Our chief complaint in previous reviews of Promise’s NAS appliances has always been poor performance, which the new SmartStor NS6700 aims to remedy. It’s a six-bay device (or four if you opt for the NS4700) sporting a dual-core 1.8GHz Intel Atom processor and 1GB of memory.
On paper that’s a big improvement over the underpowered NS4600. The chassis has also made the move to a superior all-metal design, while the cheap, flimsy carriers in the NS4600 get the elbow in favour of more solid metal-framed carriers with locking tabs.
But it’s the performance boost we’re most interested in, so we loaded a quartet of 1TB Western Digital SATA drives, leaving the appliance to group them into an array and create a single RAID5 logical drive. It was a smooth enough process, but you need to plan ahead: our logical drive was preconfigured for NAS use only with no space for iSCSI targets. If you want to present both NAS shares and IP SANs, you must manually create logical drives, choose a RAID array and a size, then select either NAS or IP SAN operations.
With this muddle sorted, the NS6700 promptly delivered performance far in excess of its SmartStor predecessors. Copies of a 2.52GB video clip to and from a dual-Xeon X5560 Broadberry rack server running Windows Server 2008 R2 saw read and write speeds of 86MB/sec and 78MB/sec.
FTP speeds were slightly faster, with FileZilla reporting speeds of 89MB/sec and 81MB/sec, and our 17.4GB collection of 10,500 small files was copied to the appliance at 58MB/sec. Overall, the NS6700 is around three times faster for NAS operations than the NS4600.
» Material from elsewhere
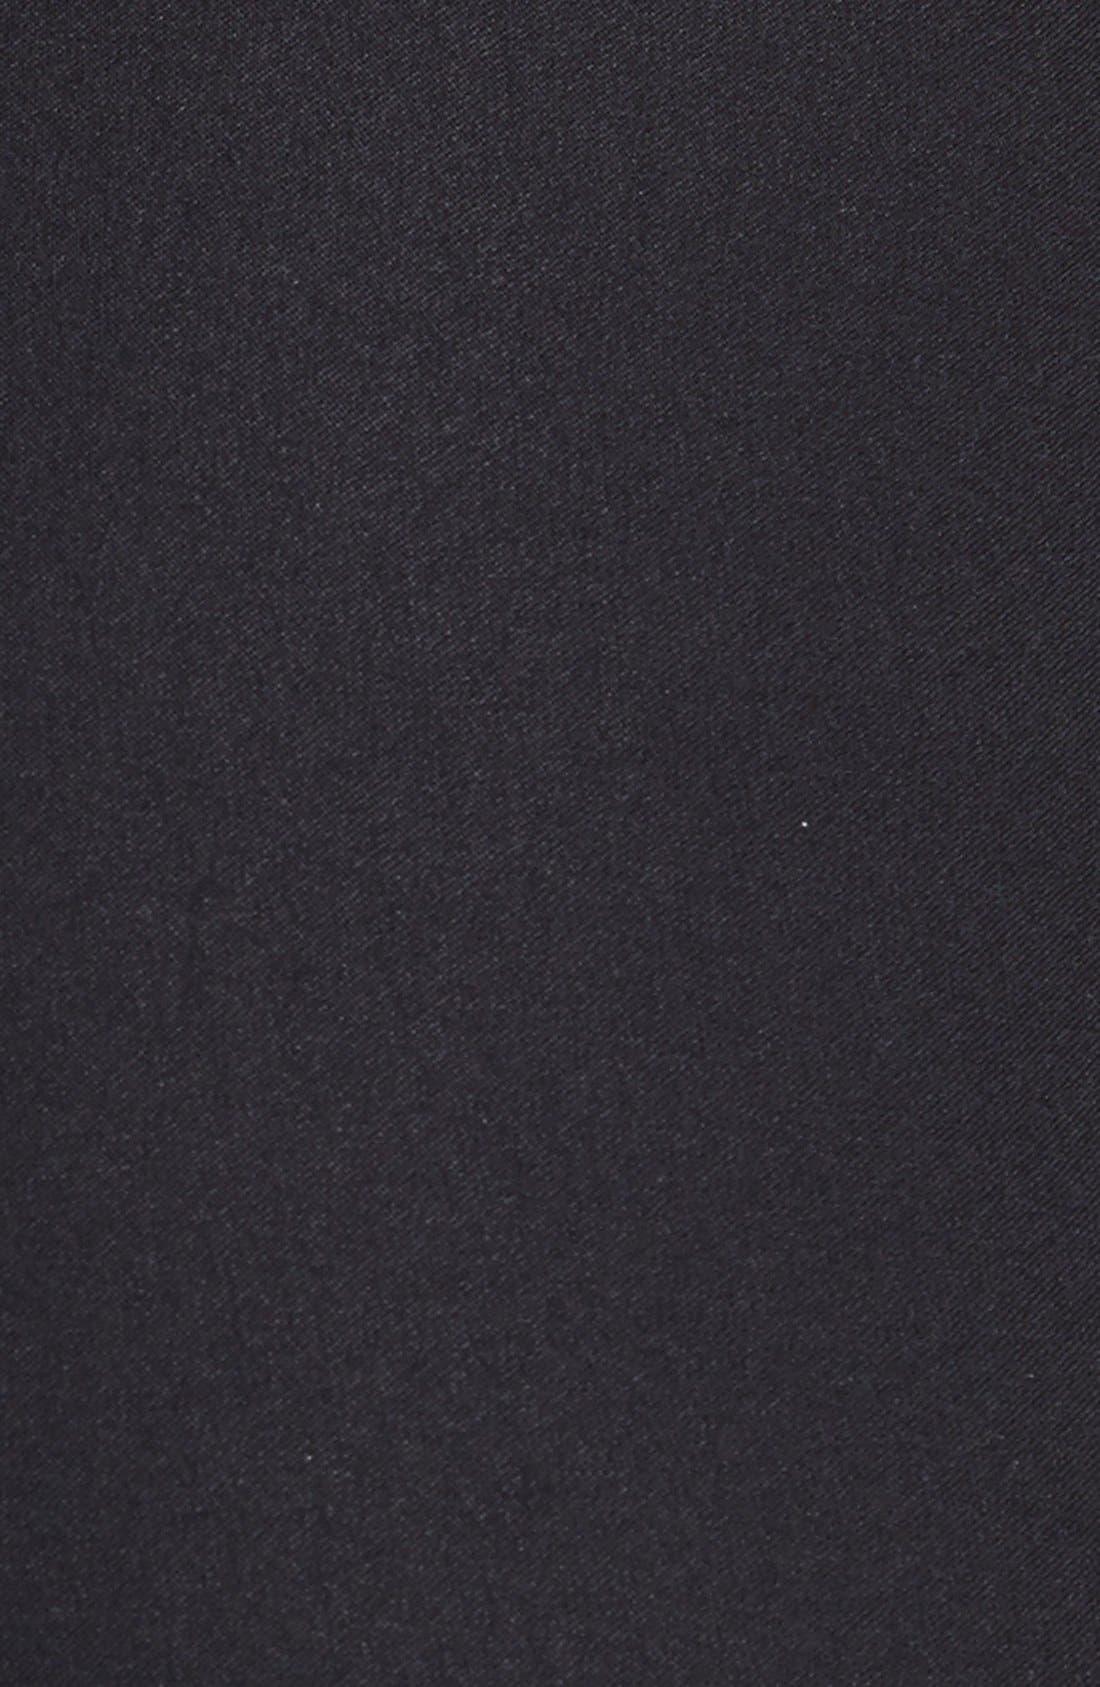 Wonderstretch Straight Leg Pants,                             Alternate thumbnail 9, color,                             BLACK ONYX

For IP SANs, the NS6700 presents only one portal, so all targets will be shown to any logged-in initiator. Iometer reported a top raw read rate for one target of 111MB/sec.
We have no concerns about speeds, then, and backup features have also been improved. You can secure data on the appliance to external USB attached devices, and create snapshot schedules for point-in-time volume backups. The appliance can be replicated over Rsync to another Promise box, and you can use Amazon’s S3 hosted service for off-site backup.
Also included is Acronis’ Backup and Recovery NAS Edition software. This supports Windows Server 2000 and XP upwards, and is preset to only use Promise NAS appliances as its vault. Then there’s the SmartSync utility, which runs scheduled backups of selected workstation folders to the appliance. Once programmed, the One-Touch button on the front panel can start all SmartSync backup jobs on all workstations.
At a shade over £700 for a diskless version, the Promise SmartStor NS6700 is comparatively good value for a six-bay NAS appliance, especially with such a good backup package. It may not be as fast as Synology’s A-Listed DS1511+, but there’s no doubt the move to an Atom processor has paid dividends.